GIVEN INFORMATION:
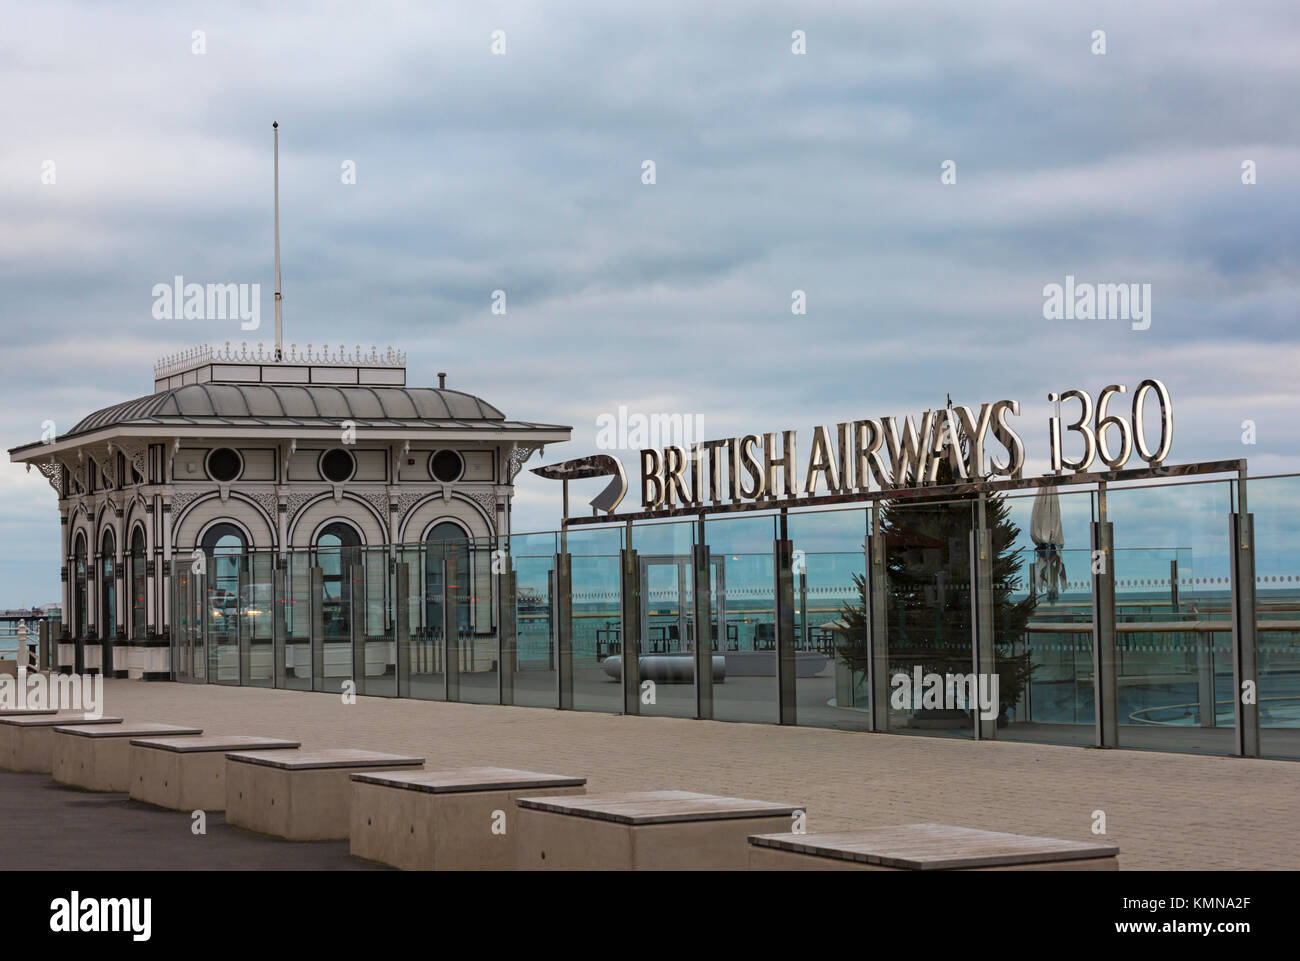 British Airways signe i360 et jetée Ouest Salon de Thé, reconstruit 1866 Jetée ouest péage, à Brighton, East Sussex, Angleterre Royaume-uni en Décembre Banque D'Images
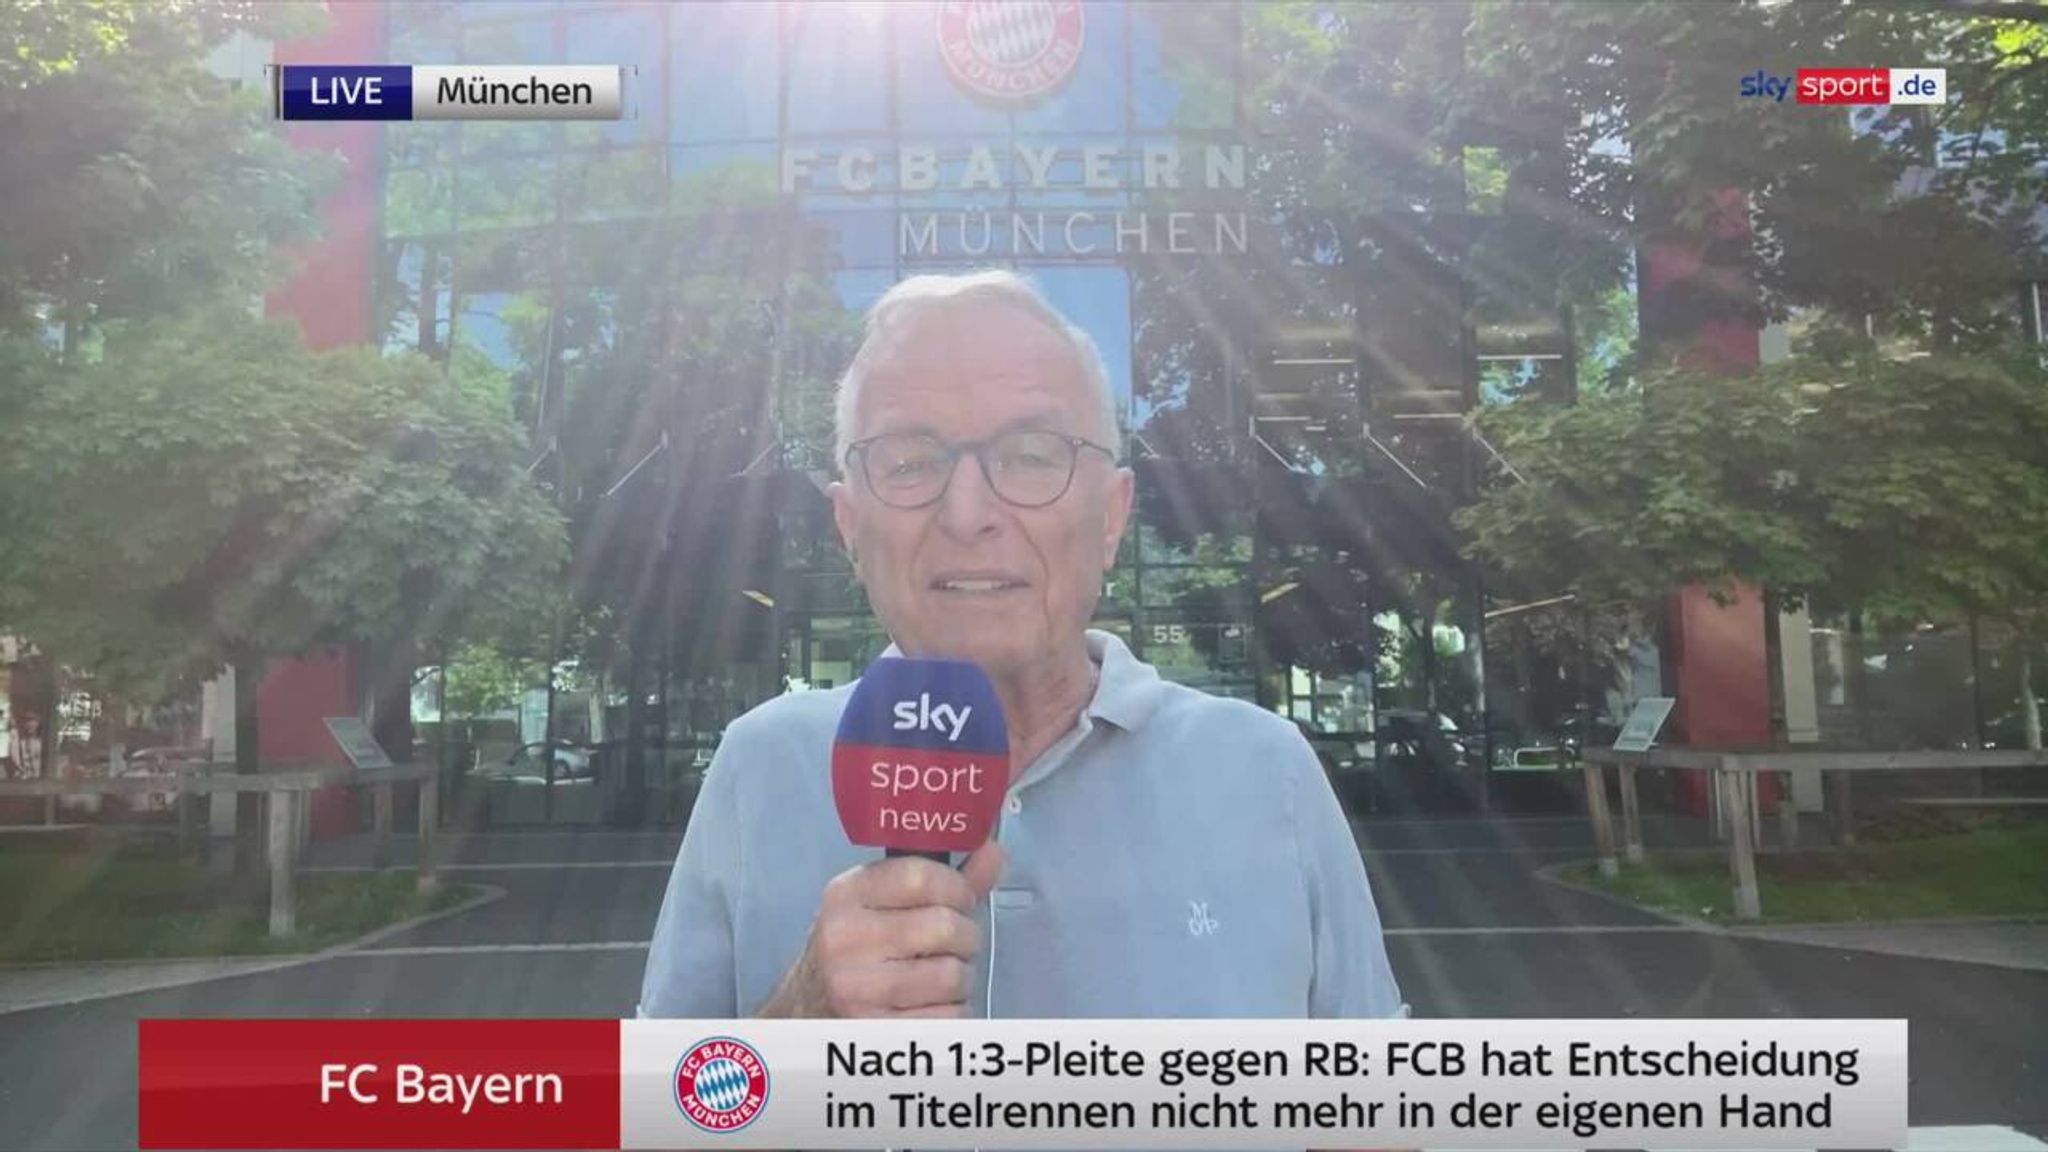 FC Bayern Bindet der FCB eine Vereinslegende ein? Fußball News Sky Sport
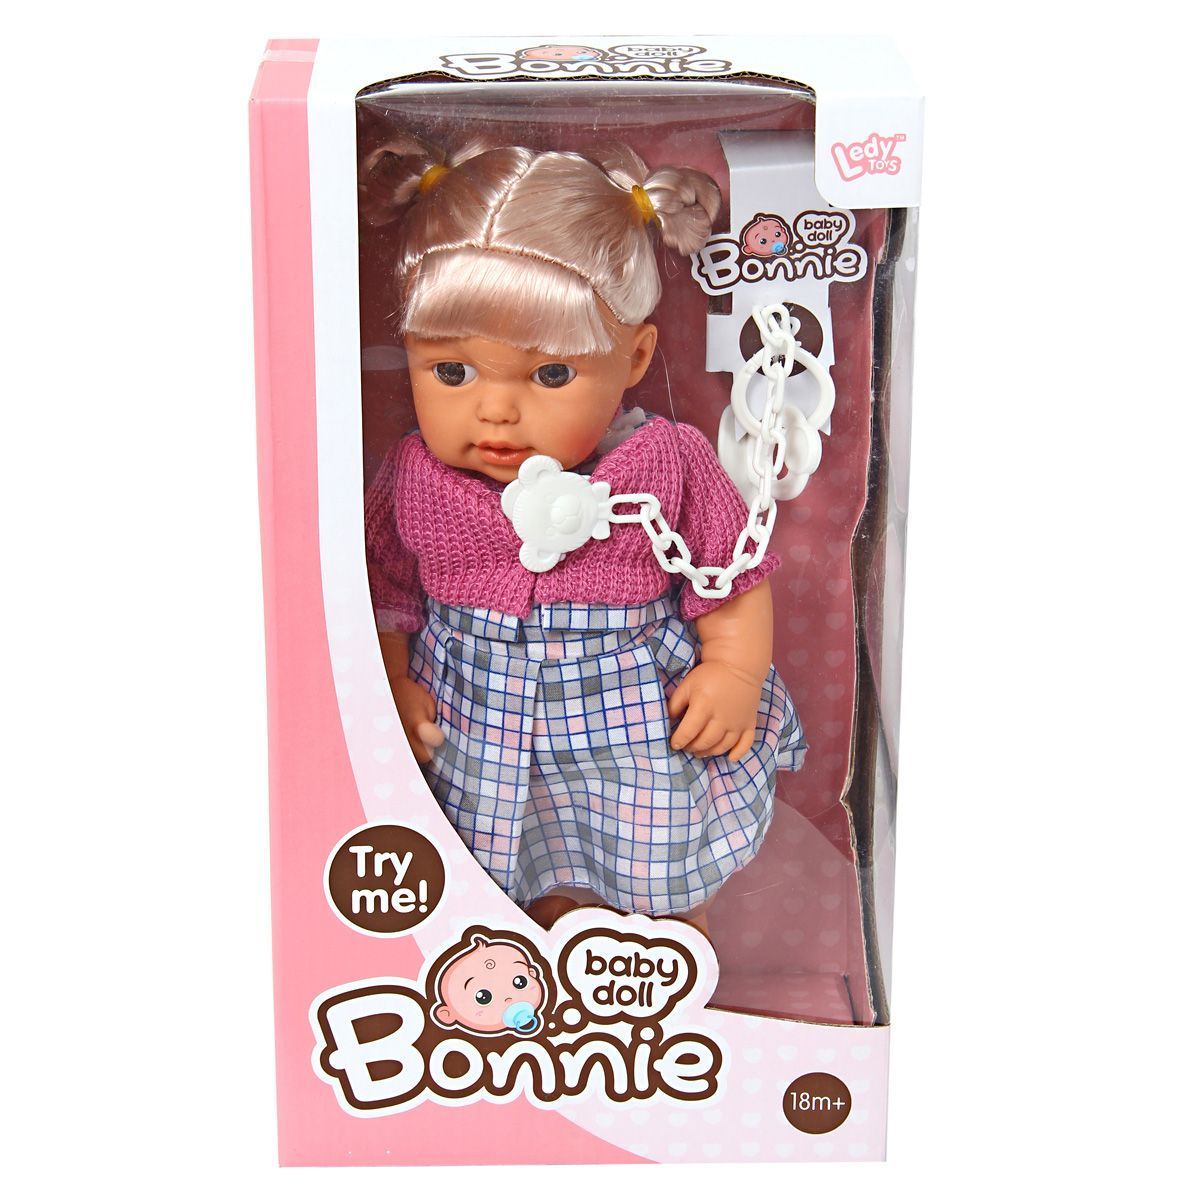 Куклы со звуком. Интерактивная кукла Shantou Gepai Bonnie 30 см 1102c1. Интерактивная кукла Shantou Gepai Ledy Toys 20 см 958548. Пупс 30см s+s Toys. Кукла плачет звук а.
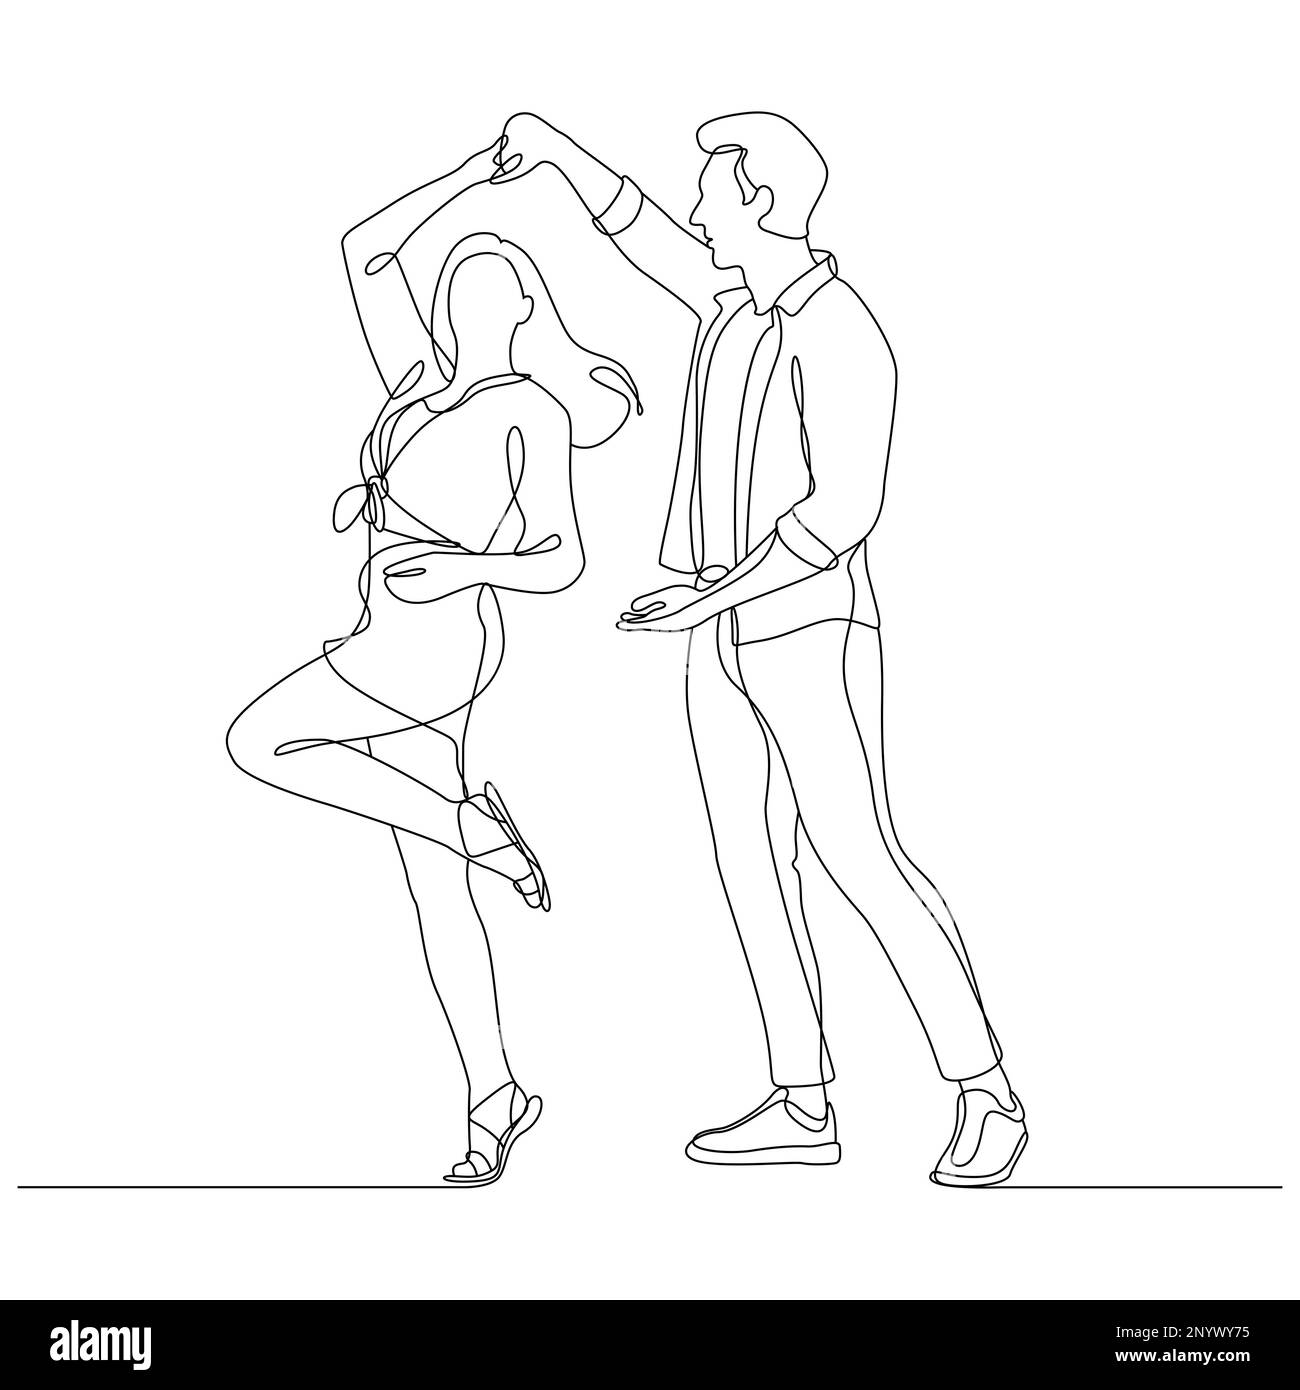 Ein Paar tanzt, Umriss auf weißem Hintergrund. Vektordarstellung Stockfoto

ASSIGNED TASK: From the line containing "Куклы со звуком." down to the last line of the data, print every line exactly and nothing else. Pictures stay out of the copy.

EXERCISE ANSWER:
 Куклы со звуком. Интерактивная кукла Shantou Gepai Bonnie 30 см 1102c1. Интерактивная кукла Shantou Gepai Ledy Toys 20 см 958548. Пупс 30см s+s Toys. Кукла плачет звук а.
 Ein Paar tanzt, Umriss auf weißem Hintergrund. Vektordarstellung Stockfoto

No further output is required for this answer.